Final Project: The Ideal Neighborhood

In my final project I used Geographic Information System software, ArcGIS, to help a fictitious family find ideal neighborhoods to potentially live in. Mr. Wilson is the name of the dad of the family who reside in a suburb on the outskirts of Seattle, Washington. Recently though, Mr. Wilson has been informed that his business is transferring him to the city of Berkeley, located in Bay Area of Northern California. Mr. Wilson has never been to the Bay Area and knows that moving his family to the right neighborhood will not be an easy task. Since there are a lot of cities located near Berkeley, he knows that he will not have enough time to do all of the research. He has hired me, a freelance GIS specialist, to facilitate the process.

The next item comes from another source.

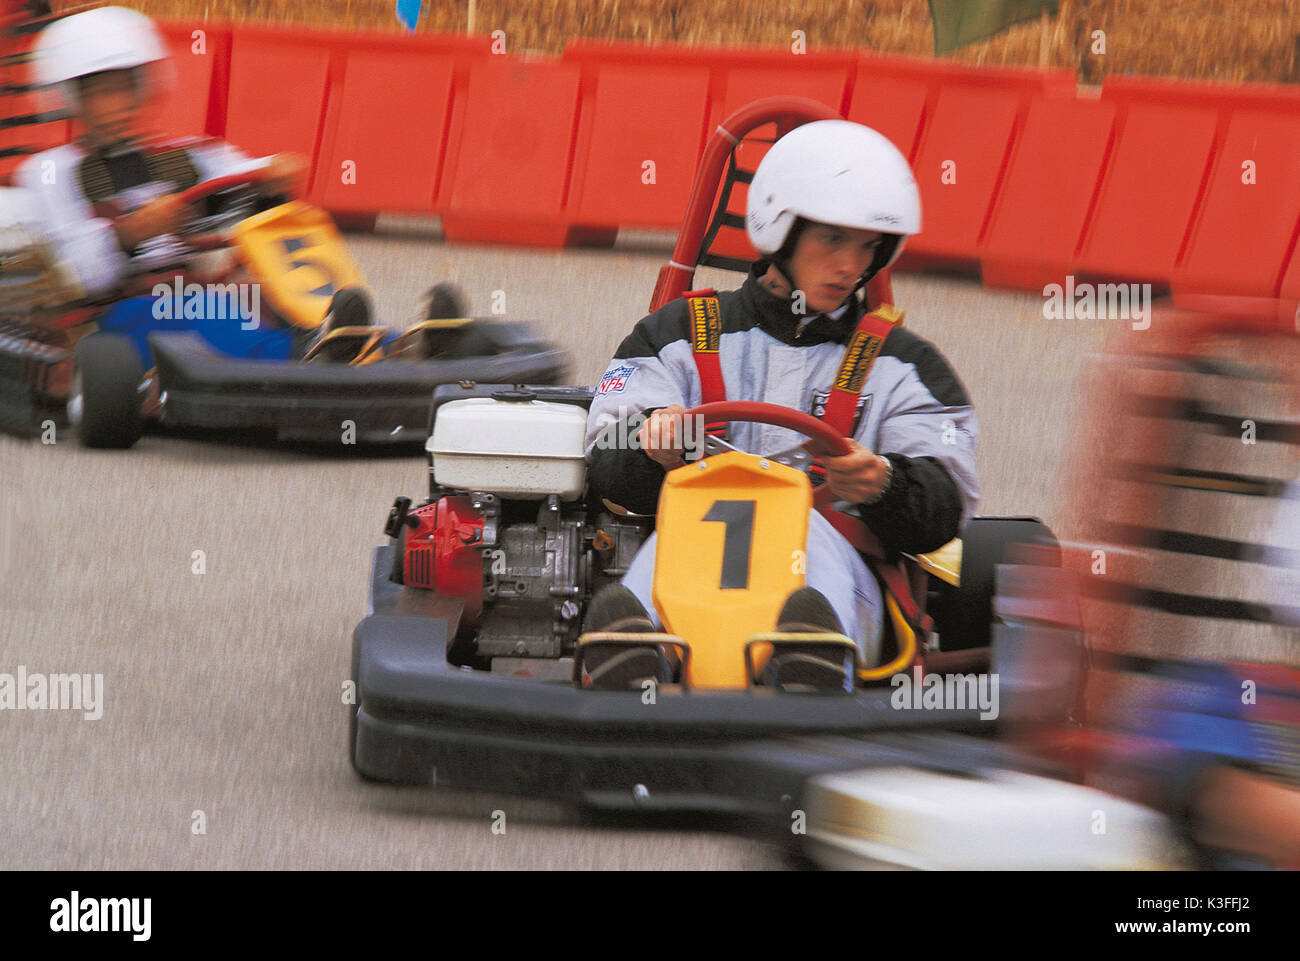 kart racing Stock Photo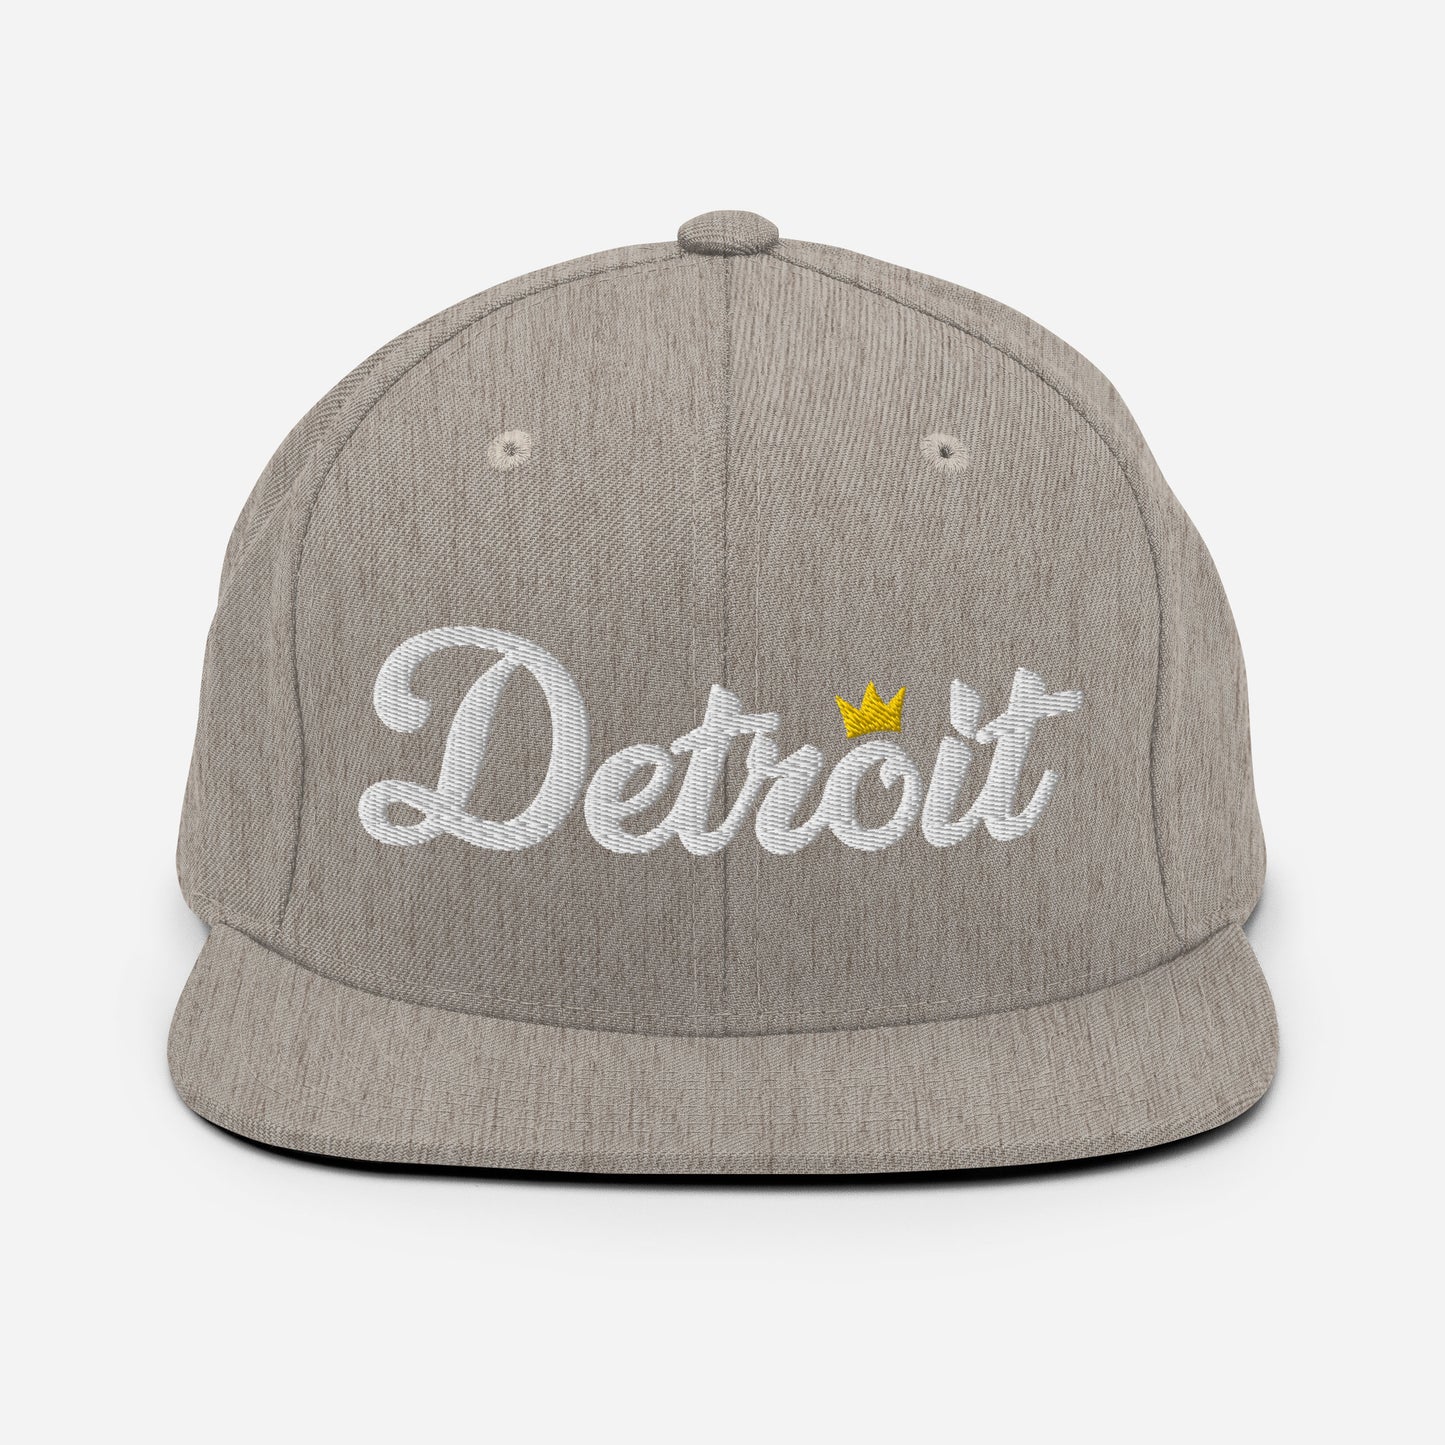 Detroit Cap

Berkeley is located east of San Francisco in Alameda County. Mr. Wilson wanted me to focus my work on Alameda County because a friend had informed him that its cities have a good variety of housing prices and good public schools. The main downside that his friend warned him of is the number of violent crimes per year in the area. Mr. Wilson informed me that I should research and analyze my data based on his friend’s advice. With this request I researched and analyzed the average school ranking, violent crimes, and average housing prices of each city in Alameda County. I used statistics from the year 2010 to help compare each city. To do the research I used the skills that I have acquired while attaining my degree from UCLA. I scoured the Internet until I found recent information that was reliable. With this information I made three different ArcGIS maps, each one representing one of the aspects Mr. Wilson was looking for in a city. To input the data that I found I used the edit tool bar and started an edit session. Once the edit session was started, I manually inputted the numbers in their respective maps. Once the numbers were finalized, I stopped and saved the edit session. I went through each map and opened up the preferences. From preferences I went to symbology tab, chose category, and made it so different number ranges would be represented by different colors on each map. Once I had the statistics  and three easily readable maps, I placed the maps on one sheet. I also added a North arrow, a scale bar, labels, and a title to make the map presentable.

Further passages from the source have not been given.